Sure, I and others might find it easier to persuade someone of the genius behind his earlier bebop and modal jazz records, considering that despite their relentless creativity, they were far more approachable and easier to delve into without feeling intimidated. Records such as Kind of Blue and Workin’ With the Miles Davis Quintet are prime examples of gorgeously crafted jazz records that don’t demand too much from the listener other than to sink into the blissful worlds they inhabit.
It’s not going to be quite as easy to convince others on his fusion works, with the releases he started putting out in the late 1960s and throughout the 1970s being far more challenging. The repetitive nature of On The Corner is an exceptional piece of work that sees Davis and his band lock into incessant grooves for almost an hour, but it’s far from being accessible in the same way as his earlier records.
On top of this, an album like Get Up With It is intense, manic, and difficult to love even for the most seasoned jazz fusion admirer, but is a veritable showcase of his genius.
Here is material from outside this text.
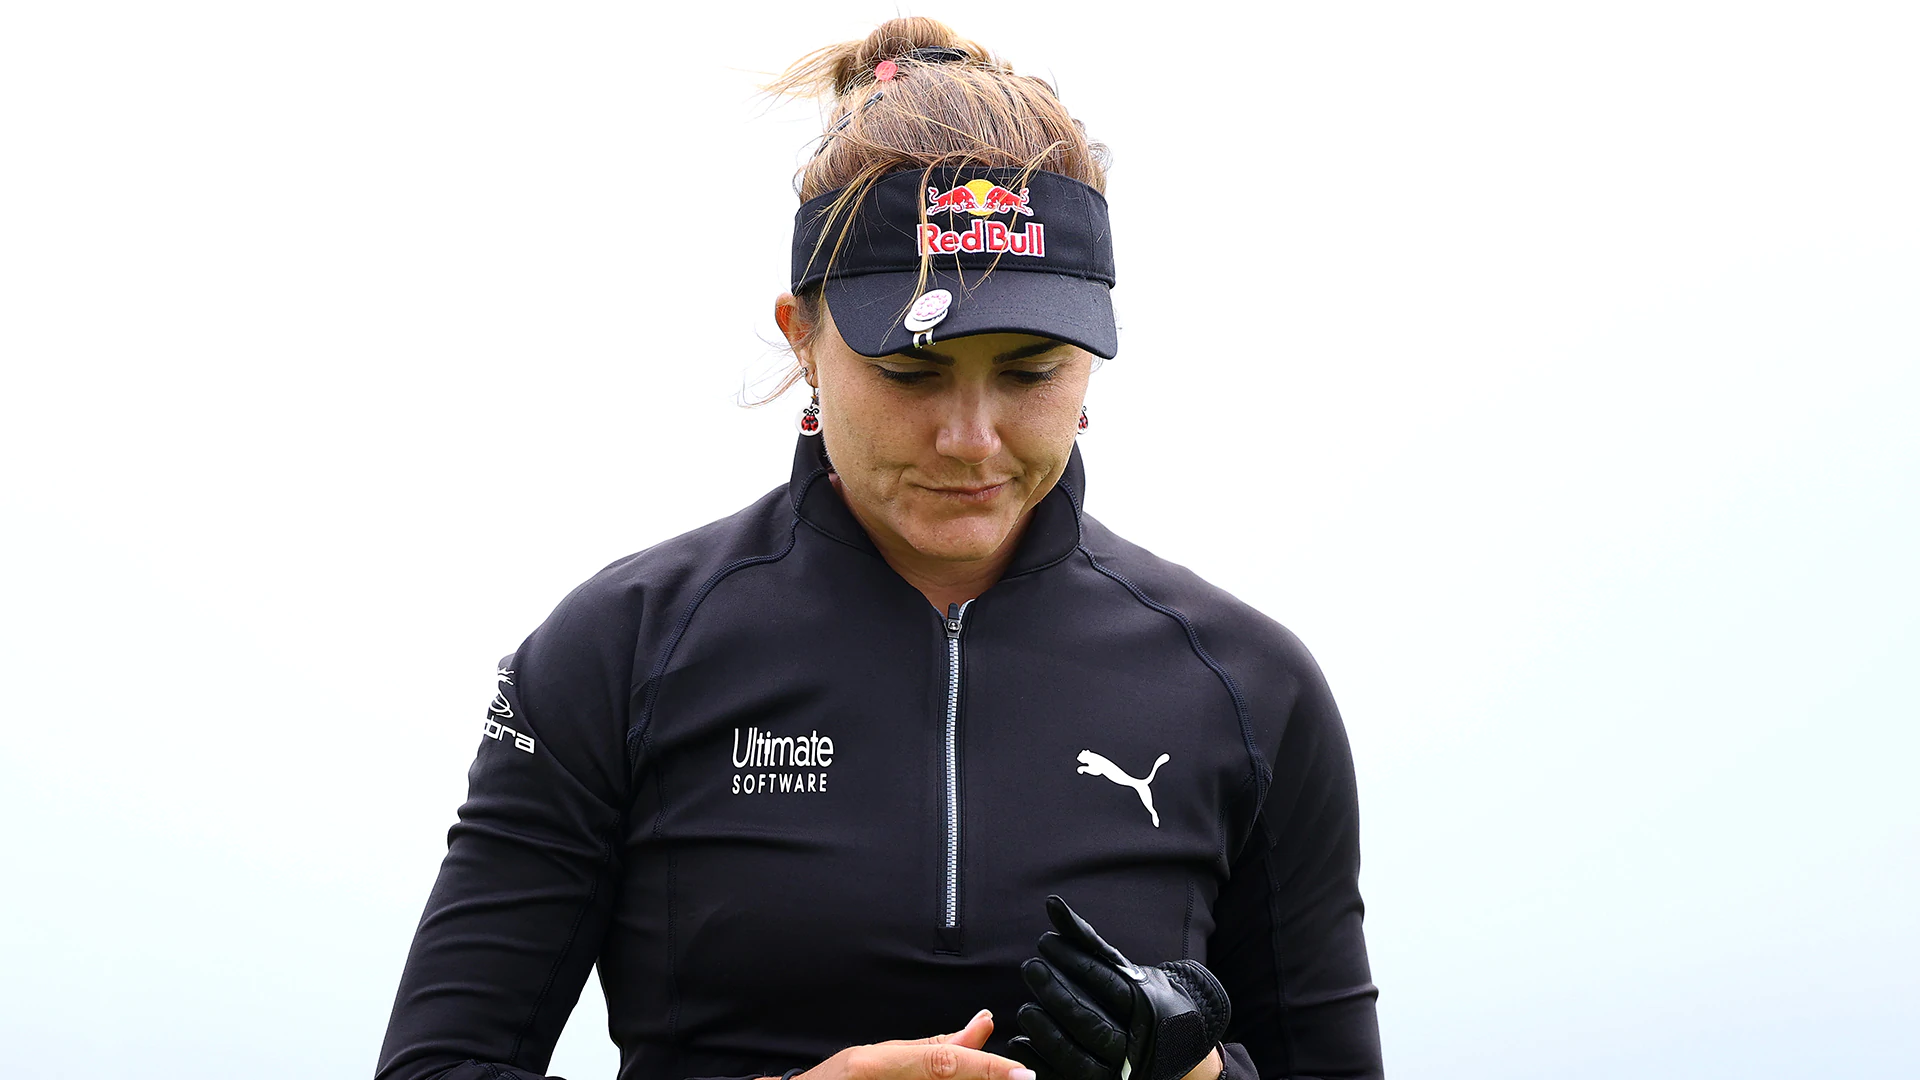 R&A says Lexi Thompson did not improve her lie Thursday at Women’s Open

I know deep in my mind that he’s one of the most singular musicians to have ever walked the earth, and an innovator who deserves all the praise he gets, but albums like this aren’t going to be the best entry point for someone who is on the fence about his brilliance.
While this mission to make him universally adored is never going to be straightforward, there’s one jazz icon who Davis himself acknowledged was beloved by all, and despite all of his flirtations with the more experimental side of things, it’s someone who was far more interested in displaying the simple beauty of the genre who he admired more.
Davis was a great admirer of the esteemed singer, Billie Holiday, and proclaimed that she was also a true original without whom the world of jazz would be entirely different. In his 1989 autobiography, he argued that she was able to convey emotion in ways that no other artist was capable of doing.
“Whenever I’d go see her, I always asked Billie to sing ‘I Loves You, Porgy’,” he stated. “When she sang “don’t let him touch me with his hot hands,” you could almost feel that shit she was feeling. It was beautiful and sad the way she sang that. Everybody loved Billie.”
While he acknowledged her brilliance as an artist, he also noted her flaws as a person, and the tragic tale of addiction that brought her life to an unfortunately sudden and early end. “The last time I saw her alive was when she came down to Birdland, where I was playing in early 1959,” he recalled, “she asked me to give her some money to buy some heroin, and I gave her what I had, I think it was about $100… Her husband, John, kept her on the stuff so he could control her.”
As troubled as she may have been, and in spite of her career being tragically cut short, Davis isn’t wrong about her excellence as an artist, and her influence remains palpable to this day, even far beyond the world of jazz that she was such an integral part of from the 1930s through to the 1950s.